▸ **Task requirements**: Every line of the listing below should come back exactly as written, with no images.

▸ **Recorded information**:
= Beginning of Section =

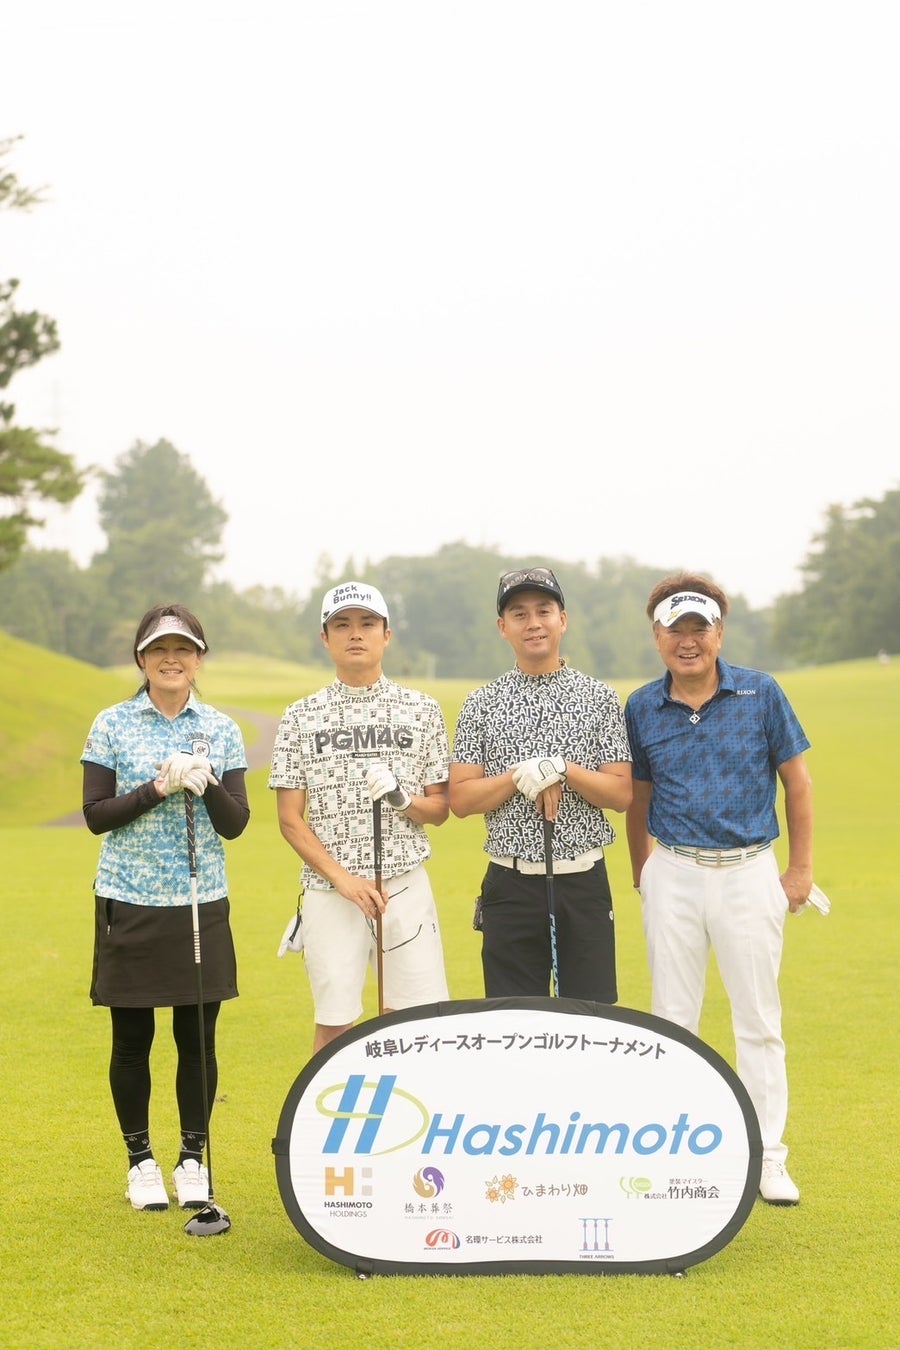 第1回 岐阜レディースオープン ゴルフトーナメント（GLOGT)が初開催‼︎
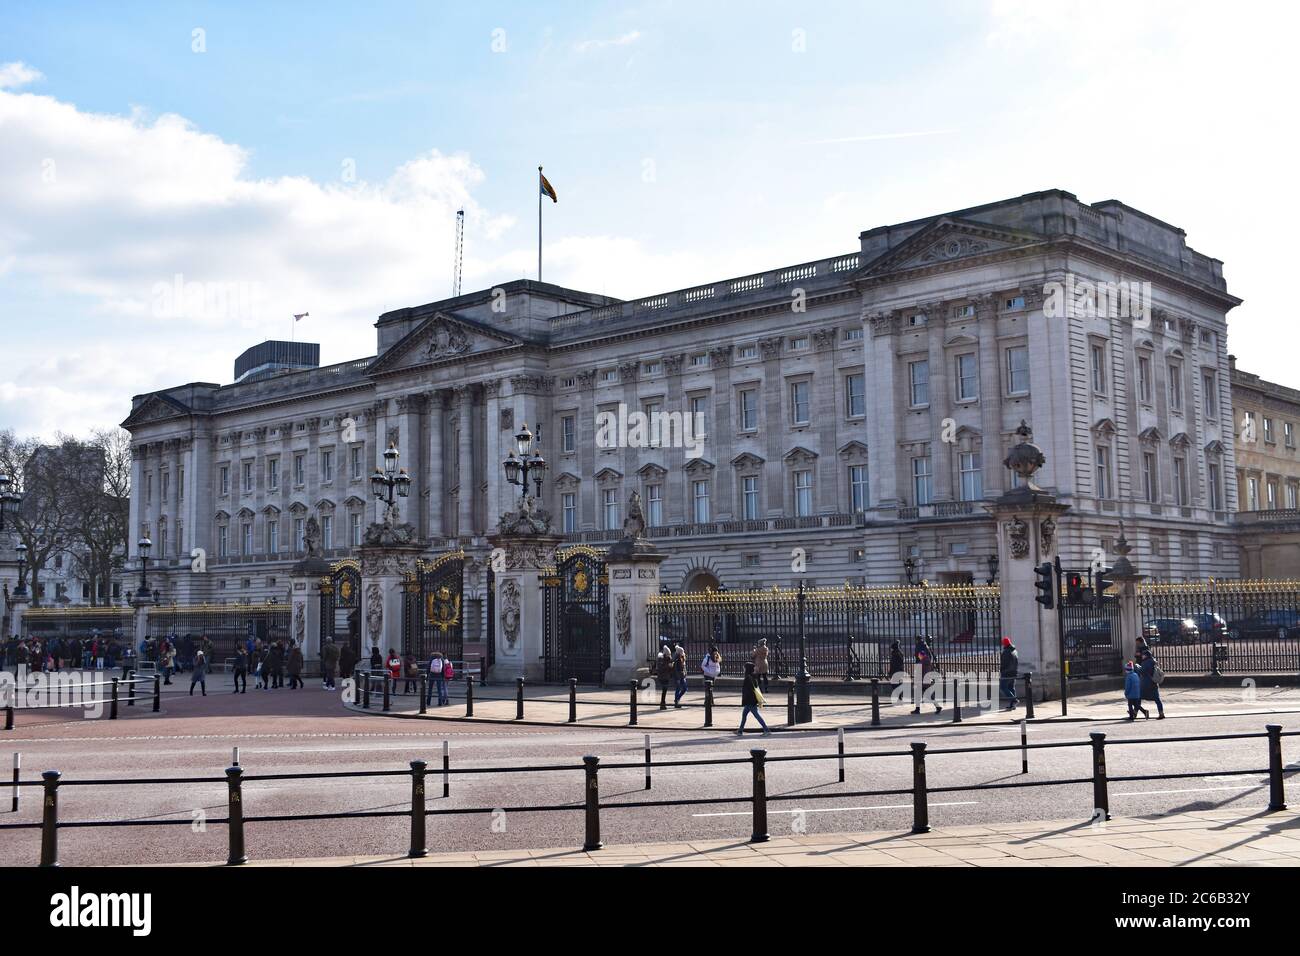 Alcuni turisti e visitatori camminano oltre le ornate ringhiere nere e dorate di Buckingham Palace. La bandiera è stata fatta volare a pieno albero sopra il palazzo. Foto Stock
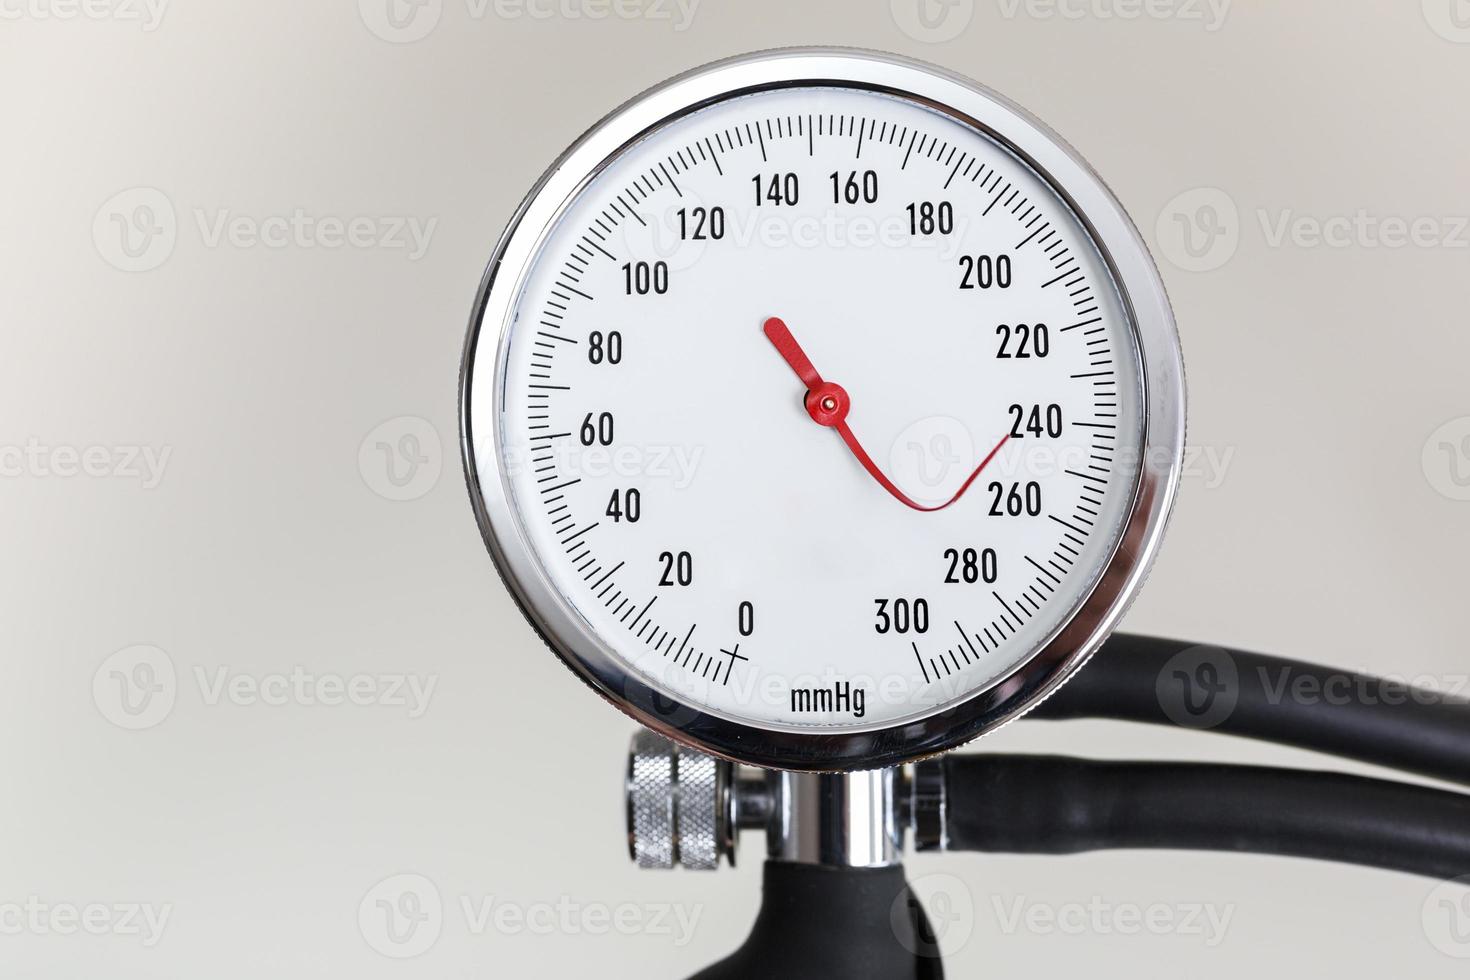 medidor de pressão arterial com agulha indicador dobrada foto

= End of Section =

▸ **The completed task**:
 第1回 岐阜レディースオープン ゴルフトーナメント（GLOGT)が初開催‼︎
 Alcuni turisti e visitatori camminano oltre le ornate ringhiere nere e dorate di Buckingham Palace. La bandiera è stata fatta volare a pieno albero sopra il palazzo. Foto Stock
 medidor de pressão arterial com agulha indicador dobrada foto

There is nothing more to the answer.